Project description:Ovarian clear cell carcinoma (OCCC) shows unique clinical features including an association with endometriosis and poor prognosis. We previously reported that the contents of endometriotic cysts, especially high concentrations of free iron, are a possible cause of OCCC carcinogenesis through iron-induced persistent oxidative stress. In this study, we conducted gene expression microarray analysis using 38 ovarian cancer cell lines and identified genes commonly expressed in both OCCC cell lines and clinical samples, which comprise an OCCC gene signature.
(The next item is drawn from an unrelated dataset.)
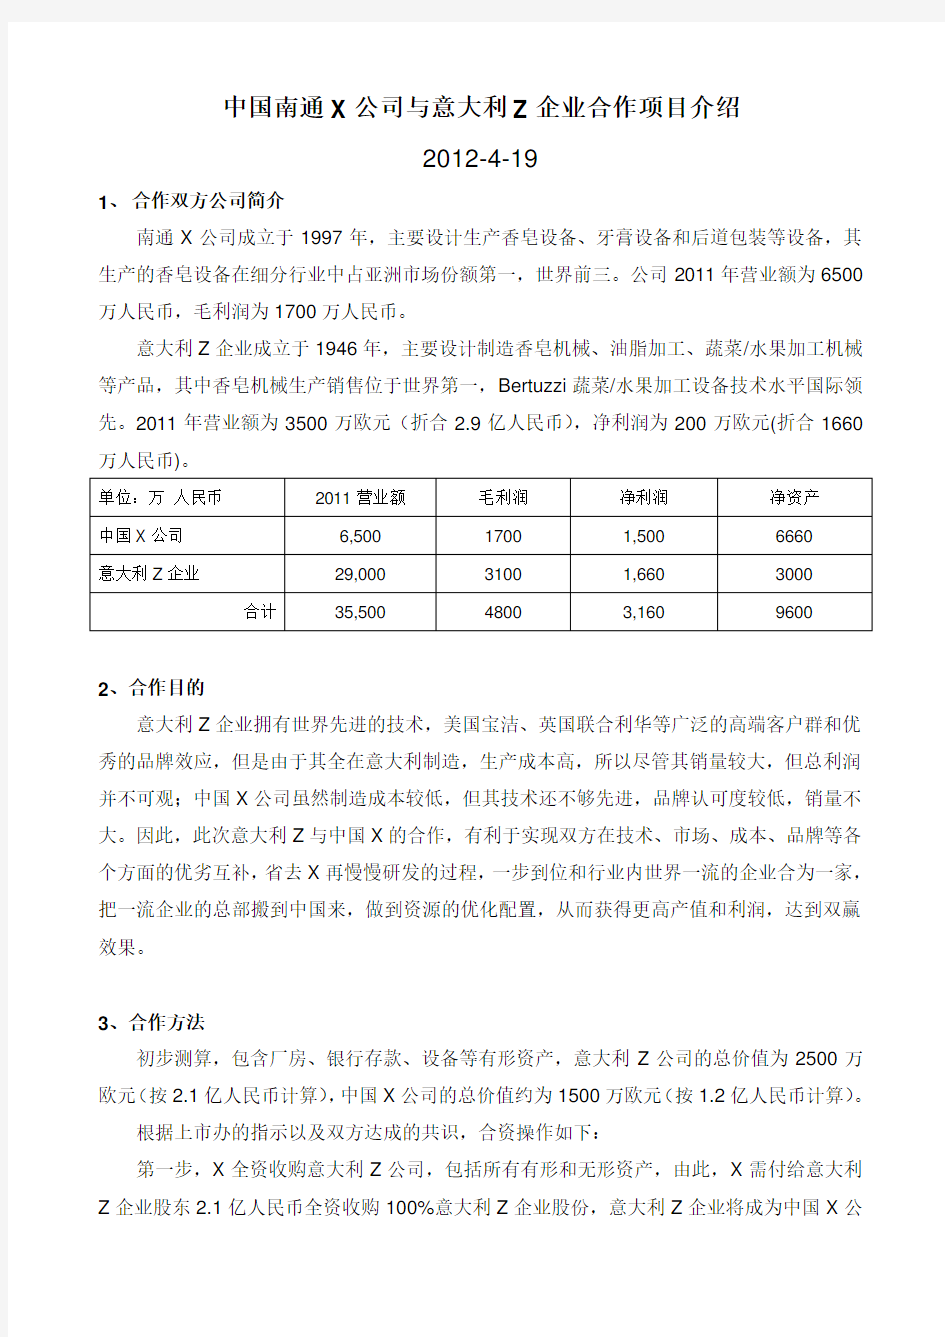 中国X公司与意大利Z企业合作项目介绍(简)2012-4-19

The OCCC signature reproducibly predicts OCCC specimens in other microarray data sets, suggesting that this gene profile reflects the inherent biological characteristics of OCCC. The OCCC signature contains known markers of OCCC, such as hepatocyte nuclear factor-1b (HNF-1b) and versican (VCAN), and other genes that reflect oxidative stress. Expression of OCCC signature genes was induced by treatment of immortalized ovarian surface epithelial cells with the contents of endometriotic cysts, indicating that the OCCC signature is largely dependent on the tumor microenvironment. Induction of OCCC signature genes is at least in part epigenetically regulated, as we found hypomethylation of HNF-1b and VCAN in OCCC cell lines. This genomewide study indicates that the tumor microenvironment induces specific gene expression profiles that contribute to the development of distinct cancer subtypes. Affymetrix Human Genome U133A 2.0 Array was conducted for 38 ovarian cancer cell lines (13 OCCC cell lines and 25 non-OCCC cell lines). All specimens were arrayed in parallel and used for RMA normalization.